Maven can generate the initial project structure using the following command:
mvn archetype:generate \ -DgroupId=dev.fmsea.aljabr \ -DartifactId=alJabr \ -DarchetypeArtifactId=maven-archetype-quickstart \ -DarchetypeVersion=1.5 \ -DinteractiveMode=false
This generates the following directory structure:
aljabr |-- pom.xml `-- src |-- main | `-- java | `-- dev | `-- fmsea | `-- aljabr | `-- App.java `-- test `-- java `-- dev `-- fmsea `-- aljabr `-- AppTest.java
The main
subtree contains our project code, and the test
subtree contains our,
unimaginatively named, test code.
As a result of our newly generated project, we should be able to compile and test this code using the following Maven command:
mvn test
Maven phases and build lifecycles
Unlike tools like Ant or Make, Maven comes with a predefined set of phases or "targets" to use the former parlance. These phases help construct a project from dependency resolution, classpath modification, and the necessary flags to compile, test, package, and install or deploy the project. Here is a short list of standard phases:
validate
compile
test
package
verify
install
deploy
See the documentation to learn more about Maven Lifecycles.
POM Changes
While the above command does indeed generate a lot of the necessary pom.xml
file, there are a few changes that may be necessary to make the project work.

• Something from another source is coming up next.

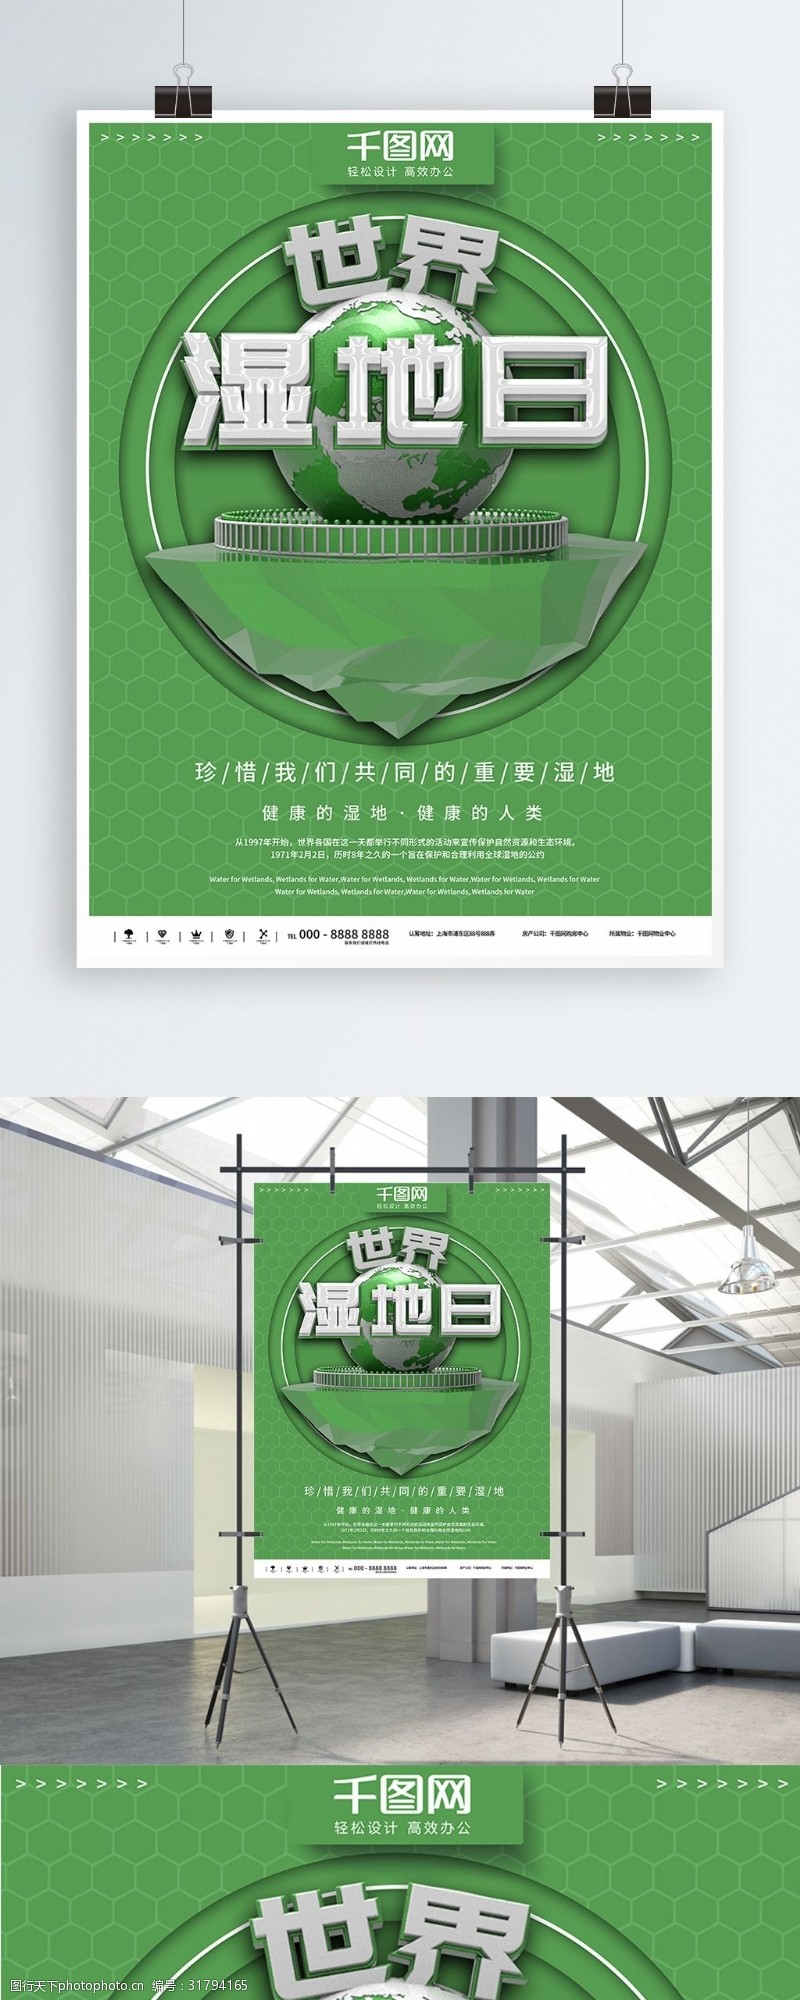 体育论坛绿色简约世界湿地日公益宣传海报

Specifically, the archetype generates a POM with build
-> pluginManagement
.
This may be a misunderstanding on my part, but in my experience, I need to lift
the plugins under pluginManagement
to have everything work as desired.
Afterwards, I remove the now empty pluginManagement
portion of the file.
Boolean expressions
The language we use for this demonstration is simply the boolean expressions we are used to within most programming languages. We have logical or, disjunctions; logical and, conjunctions, and logical negation. The truth tables for each are given below.
A | \(\lnot A\) |
---|---|
T | F |
F | T |
A | B | \(A \lor B\) |
T | T | T |
T | F | T |
F | T | T |
F | F | F |
A | B | \(A \land B\) |
T | T | T |
T | F | F |
F | T | F |
F | F | F |
While it may seem pedantic to list these out, we want to be sure of their values as we implement our "interperter" over these values. Moreover, depending on how far we take these ideas, we may want to demonstrate and add additional operators, e.g., inference, distribution, equality tests between expressions, etc. This is all great, but we need to define our actual language.
ANTLR quickstart
As mentioned in the introduction, ANTLR is a parser generator which we can use to build the machinery for parsing our boolean expression language and creating the initial steps of our interpreter. ANTLR uses a BNF-like syntax to specify our input language, which ANTLR consumes to generate the parser and its representation of our language. The following image is an example from the ANTLR website:
A full introduction to BNF and language grammars is out of scope for this post.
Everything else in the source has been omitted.